Earlier this week Michigan Attorney General Bill Schuette announced that a sushi restaurant outside Detroit has been ordered to pay nearly $1 million in restitution and to serve a five-year sentence of probation for embezzling sales tax paid by customers and underreporting its income. The restaurant, Sushi Samurai Inc., entered a guilty plea in October, and its owners, Dong and Christina Chang, pleaded guilty earlier this month to filing false monthly sales tax returns and filing false joint income tax returns. They will be sentenced on December 15, 2017.

The Changs were charged after a joint investigation by the Department of Attorney General and the Department of Treasury into whether the restaurant was using point of sale sales suppression software, which is illegal under Michigan law. During the investigation, it was determined that sales in Sushi Samurai’s records were significantly higher than those reported to the state. The investigation further determined that the restaurant used “zapper” software to delete thousands of sales from its point of sale records. The investigation revealed that the Changs were found to have embezzled over $170,000 in sales receipts, and they failed to report over $2.5 million in sales on income tax returns between 2012 and 2016. The Changs used this money for payment of business and personal expenses.

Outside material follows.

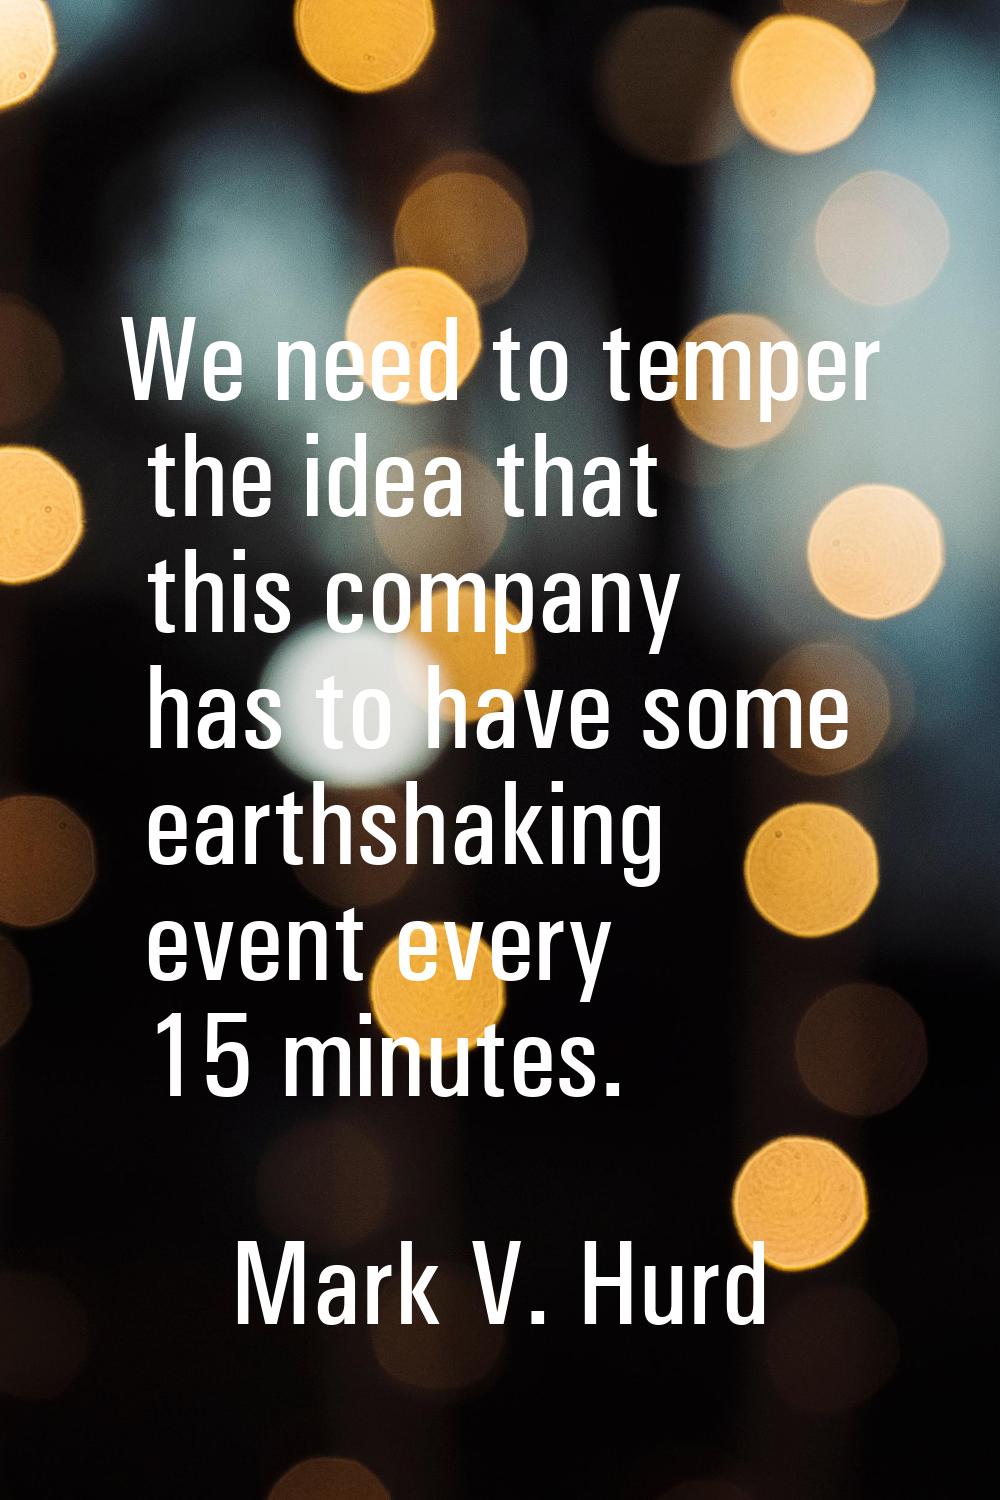 We need to temper the idea that this company has to have some earthshaking event every 15 minutes.

We previously wrote about the Justice Department’s efforts to crack down on the use of tax suppression software by charging a software salesman in Seattle who worked for a Canadian company that sold “point of sale” program that enabled restaurants to underreport their sales. Historically, state law enforcement agencies, not the Justice Department or Internal Revenue Service, have taken the lead in cracking down on the use of revenue suppression software. In early 2016, the Attorney General of Washington filed what he called the “first-of-its-kind” criminal case against a restauranteur, Yu-Ling Wong, for allegedly using sales suppression software to avoid paying nearly $400,000 in state sales tax. That case began as a routine audit by the Washington State Department of Revenue, which trains its auditors to detect the use of revenue suppression software. Auditors noted an unusual change in cash receipts, as compared to the restaurant’s historical cash receipts, determined that the restaurant’s point-of-sale system could not be trusted, and eventually uncovered the use of Zapper software.

Many states have passed laws outlawing the use of revenue suppression software, including Washington, Michigan, Florida, Georgia, Utah, and West Virginia, and others are considering proposals to enact such laws. And the problem is not just confined to the United States. In a 2013 report entitled “Electronic Sales Suppression: A Threat to Tax Revenues,” the Organisation for Economic Co-operation and Development concluded that revenue suppression software “facilitate[s] tax evasion and result[s] in massive tax loss globally.”